The Good News: Data recovery efforts have been proceeding well, and I am working on getting all the data hosted somewhere so everyone can retrieve their journals.
The Full Story:
On Friday the 16th, sometime between midnight and 3 A.M., we had a
power surge that caused the circuit breaker to trip, and we lost all
power. The 10-minute battery on the UPS quickly drained, and I didn't
hear the alarm from the bedroom. When I booted the server the next
morning, it quickly became obvious that it had been scrambled.
The server boots, but it says that it's unable to determine its domain name, and is using 127.0.0.1 instead. When I log in locally, everything goes slowly, and any network-related commands time out. trying to read man files gives a screen full of garbage, and pressing the arrow keys in any program results in error beeps and on-screen garbage.
Now, the problem is that I am not a sysadmin. I barely have a clue what to do when the server is running fine, and this is pretty far above my skill level. Common consensus among my geek friends seems to be that the server will need to be reinstalled, which I am afraid of, because I don't think I'll be able to get it back to the way it was configured before.
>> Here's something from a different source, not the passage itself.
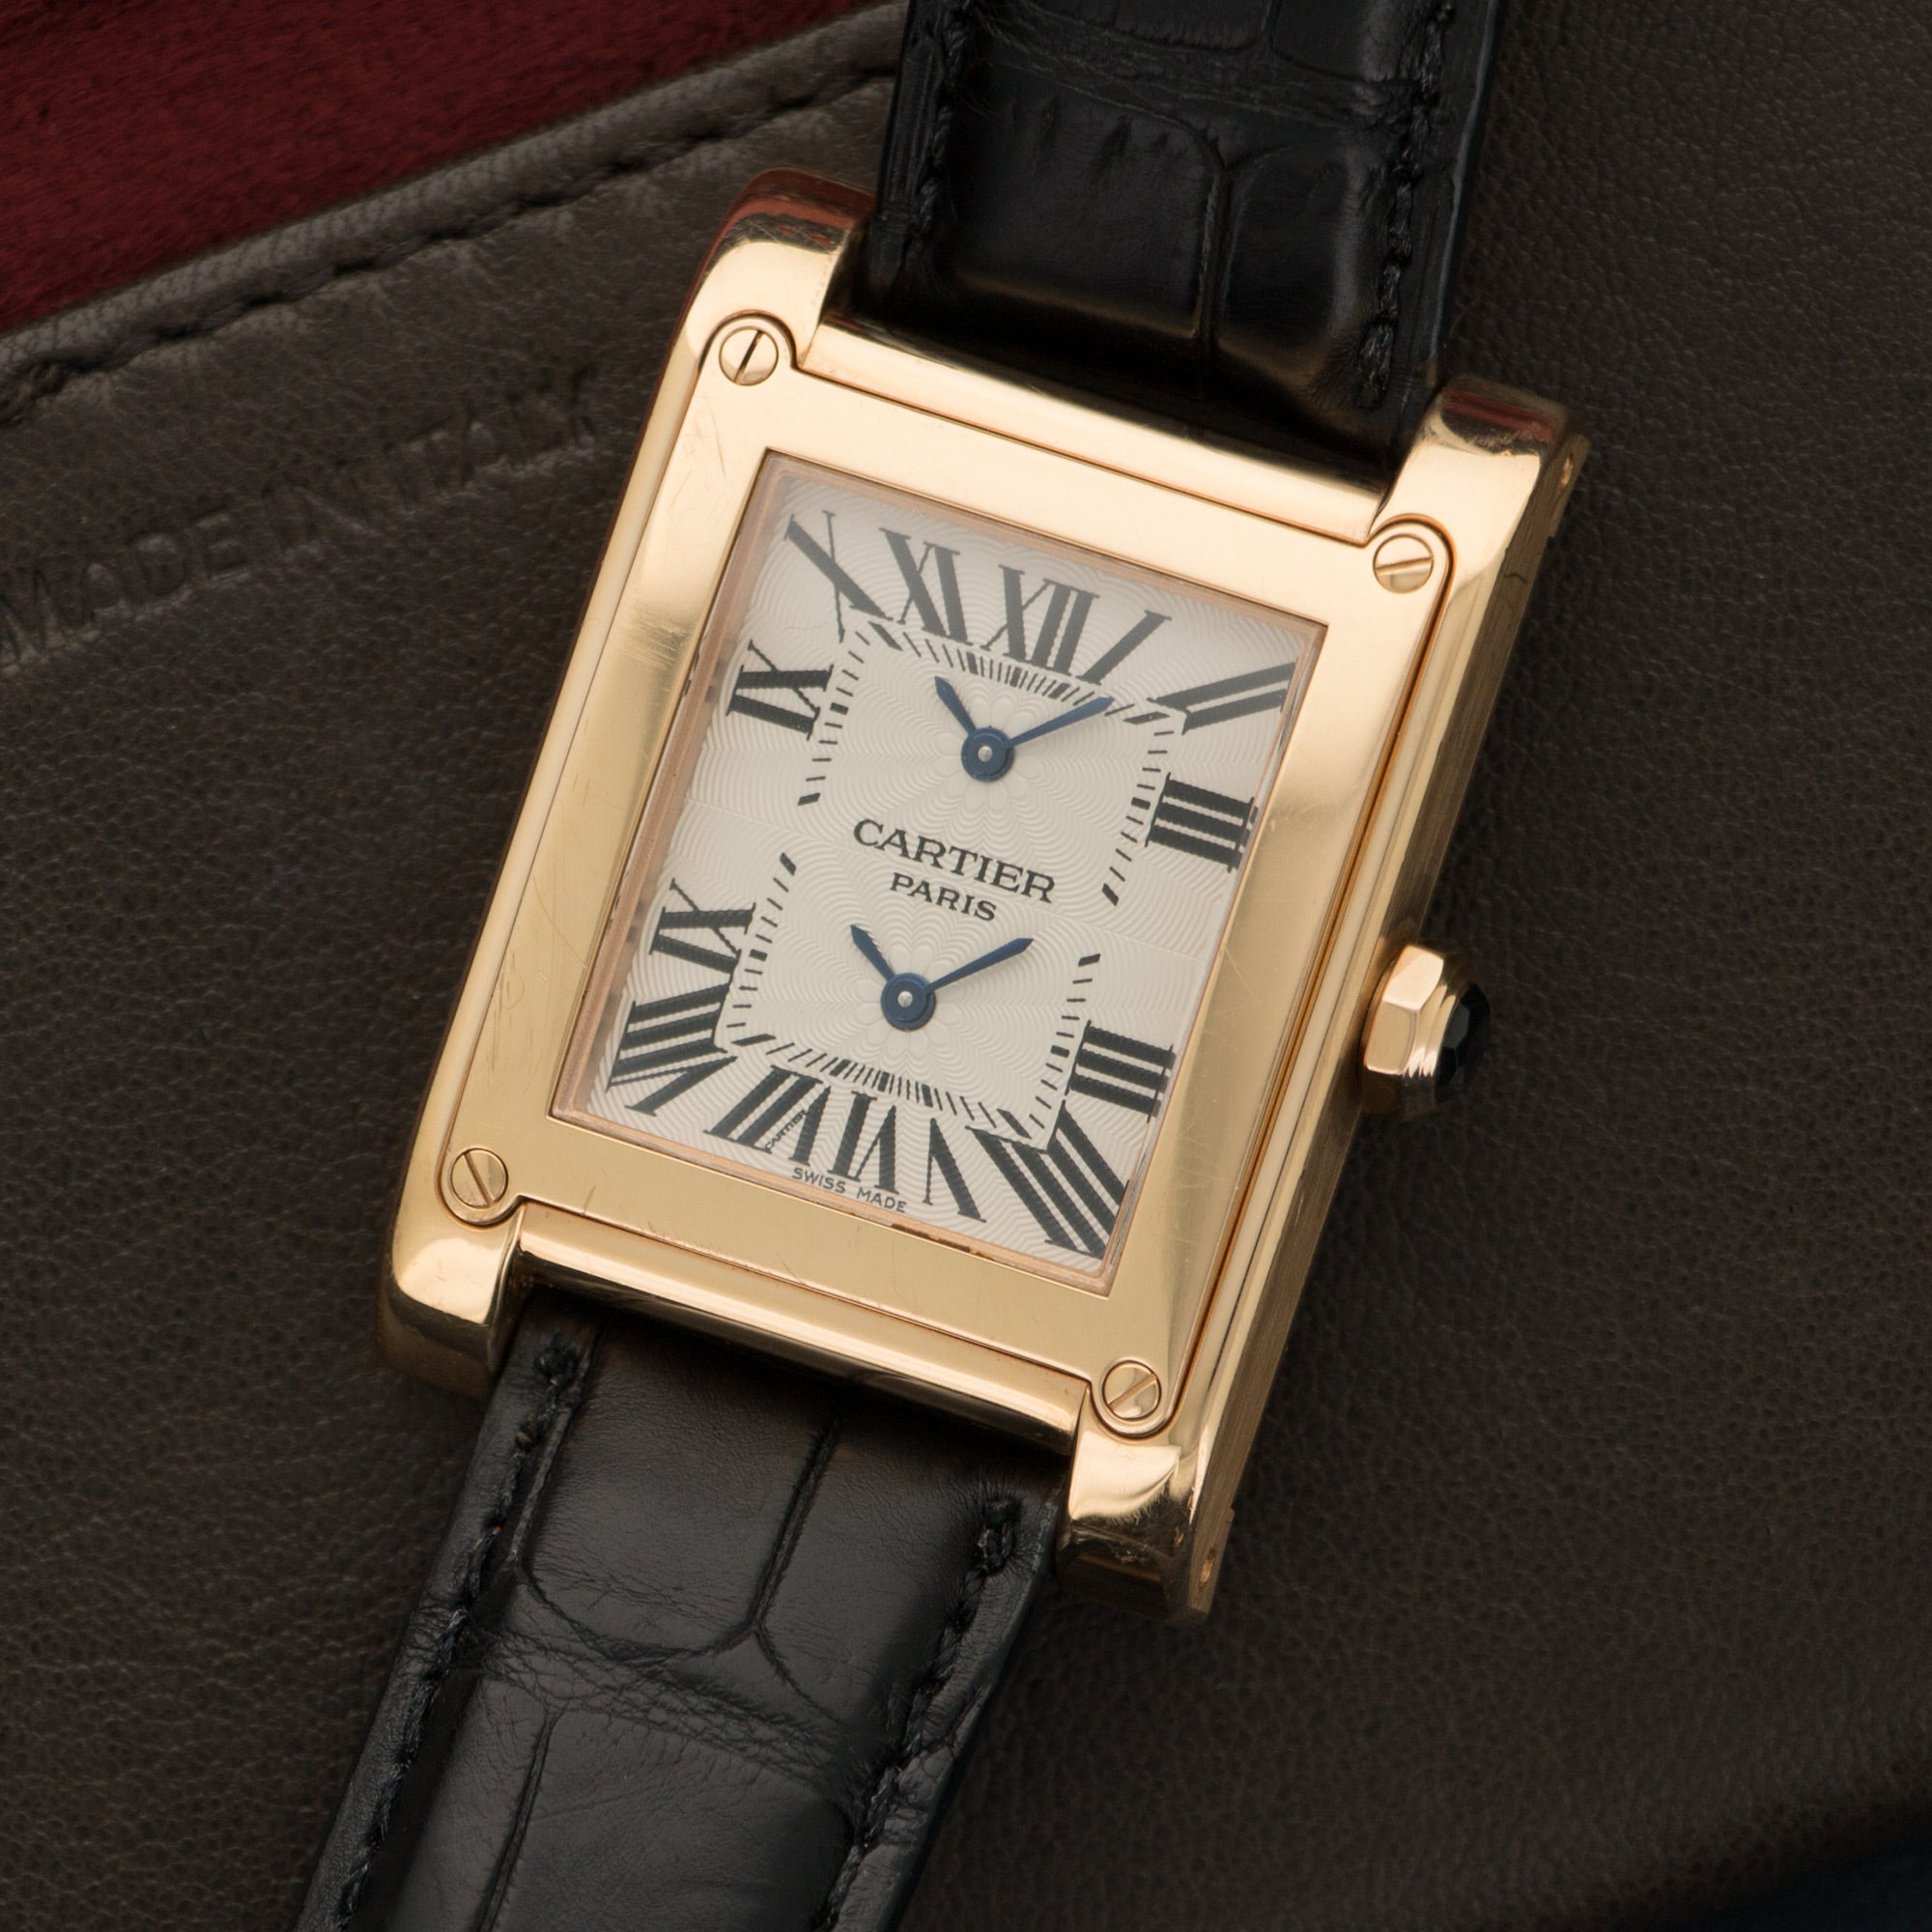 Cartier - Cartier Rose Gold Tank A Vis Dual Time Watch Ref. W1537651 - The Keystone Watches

Further complicating things is the fact that none of the data had been backed up for several months. Frustratingly enough, researching how to set up a cron job to do daily and weekly backups was on my to-do list, and was probably going to get done in the next week or two. And since I don't know if reinstalling or upgrading the OS will wipe out files, my first goal had to be data recovery.
That at least seems to have gone smoothly. I was able to run mysqldump to get a dump file of all the databases, and I was able to tar-gzip all the web directories, home directories and mail successfully. Then I was able to plug in a windows-formatted hard drive and mount it to recover the files (I had to do it that way because I had no network access). Those recovered files are now safe on two separate computers, and I'll be working on extracting user data into usable format and finding a place to host it over the next week.
I purchased some hosting to at least get a status message up for you all so you don't think that I'm ignoring the problem or anything.
What's next? Well, I'll be taking it slowly trying to upgrade or reinstall FreeBSD on the server. If I can get it working again, then I'll put it back up as it was, and KillingMachines and all the other sites will return shortly.
If I can't get it working again, then I'm probably still going to try to try for about a month to get some form of server set back up that can run KMorg. But if I can't get anything set up, then KMorg is probably going to be shut down. The site was built around the fact that it was running on its own server and had access to update the primary DNS records every 15 minutes, which is not something I'll be able to simulate on someone else's server.
I want to reassure you of two things:
However, I have to warn you all that this server has been a pain in my ass since the day that Steve abandoned it, and left me in charge of all the services that the server was providing. This is not a job I want, nor is it a job that I'm qualified for. While I will do everything in my power to put KMorg back up and safeguard people's data, everyone needs to remember that I'm having to do all of this in my spare time after working my full-time job. I'm not asking for sympathy, just understanding if it doesn't all happen overnight.
Thank you for your patience. I'll let you know through this page if anything changes here.
-- Scott Vandehey